I was thinking counterfeit, since...I mean...it IS in the Philippines.


----------



## RiLoWa (Nov 9, 2011)

Unfortunately, it is the new a/d/s/. If you have a weak stomach, don't look any further.

http://www.diymobileaudio.com/forum...-didnt-know-they-were-back-business-find.html 


GUANGZHOU ADS AUDIO SCIENCE & TECHNOLOGY CO.,LTD


----------



## prince427c (Dec 7, 2010)

WOW. Did the rights to the name die out already? That...is incredibly sad. I LOVED my old a/d/s/ equipment, and just bought a couple RS12s from another member on here the other day. That's really bad


----------



## prince427c (Dec 7, 2010)

2400W of power with 60A worth of fusing though. That has to be some sort of record O_O


----------



## FartinInTheTub (May 25, 2010)

That looks exactly like Kicker's budget subs.


----------



## prince427c (Dec 7, 2010)

...and THAT is exactly what I was thinking. They literally just turned the silkscreen 45 degrees ROFL!


----------



## RiLoWa (Nov 9, 2011)

This looks familiar

R12s









And these do too

346is









345is










Browse around the site and you'll find them.


----------



## ryanr7386 (Feb 21, 2011)

prince427c said:


> WOW. Did the rights to the name die out already? That...is incredibly sad. I LOVED my old a/d/s/ equipment, and just bought a couple RS12s from another member on here the other day. That's really bad


I'll second you on that! What a shame!


----------



## TrickyRicky (Apr 5, 2009)

I have to hand it to them Chinese, they sure do know how to replicate/bootleg anything. Anyone heard about the bootleg Apple store in China? LOL really bootleg like no one ever knew that in China.

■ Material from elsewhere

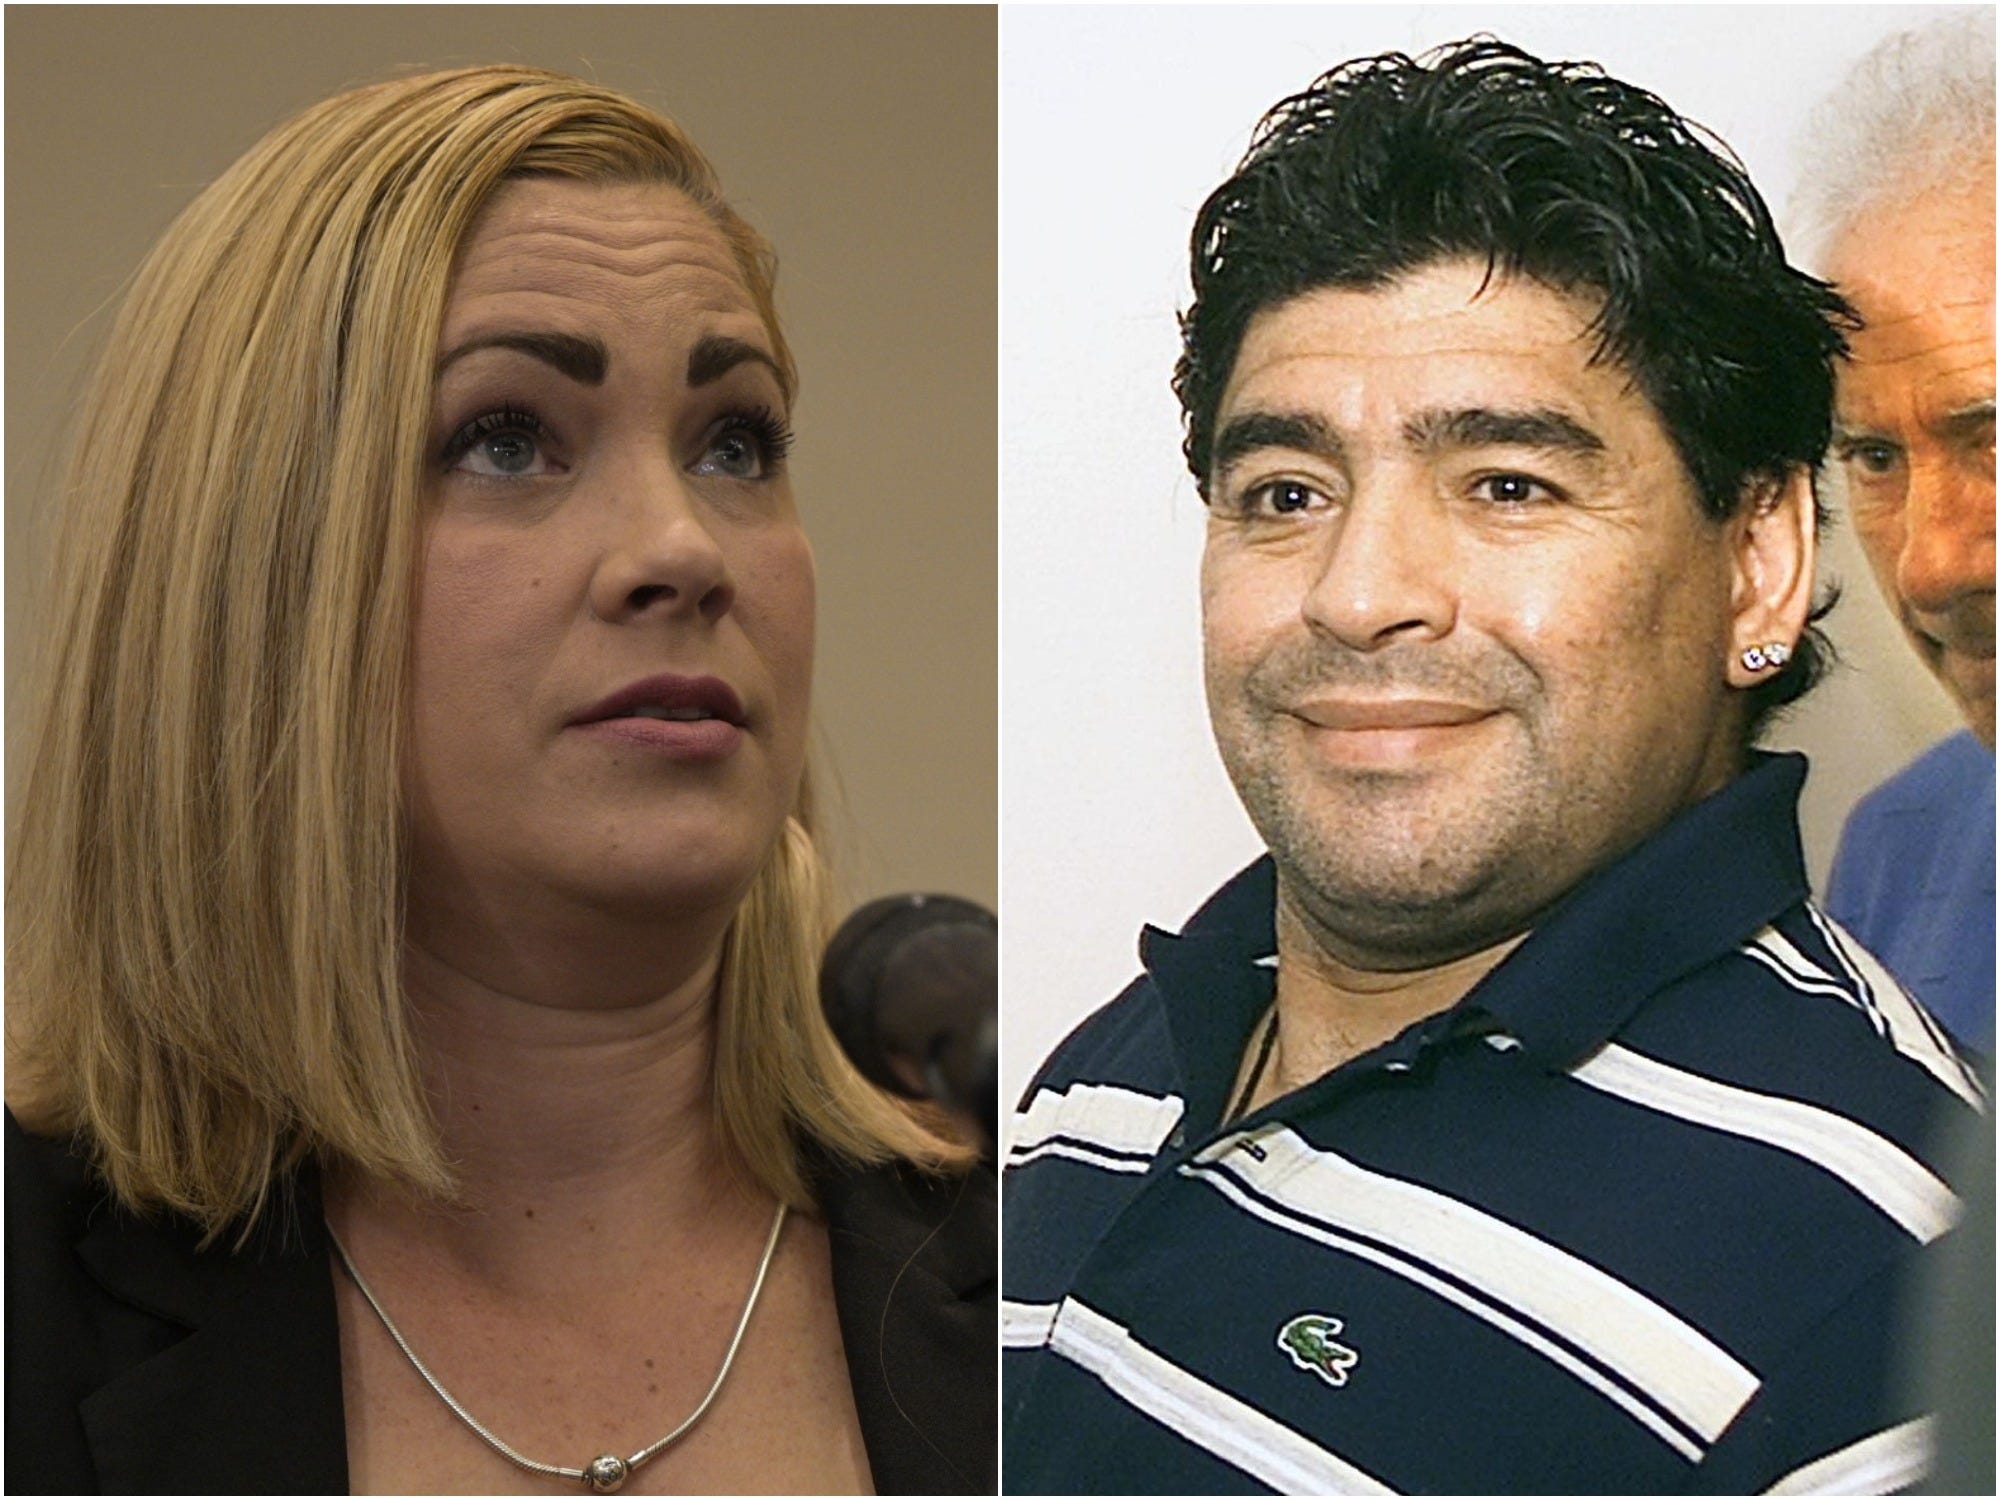 A side by side image shows Mavys Alvarez in November 2021 and Diego Maradona in January 2000.

I remember some Arabs trying to sell me some new/never before seen Pioneer subs from the back of his cargo van. I took a look and notice right away they were bootleg, dont get me wrong they can fool the average JOE but if you look at the model numbers (they dont exist) and then the prices are printed on the boxes (like who the eff does that?). Then they say "you see this sub retails 599.99 but you can get it right now for 200.00 dollars.......... but pull money out right now and take it for 100.00 bucks." am like yeah I wouldn't take it for free amigo.


----------



## PPI_GUY (Dec 20, 2007)

FartinInTheTub said:


> That looks exactly like Kicker's budget subs.


Kinda sad for Kicker too.


----------



## aaron7 (Feb 5, 2012)

Aw, always sad to see an awesome company fall from grace. 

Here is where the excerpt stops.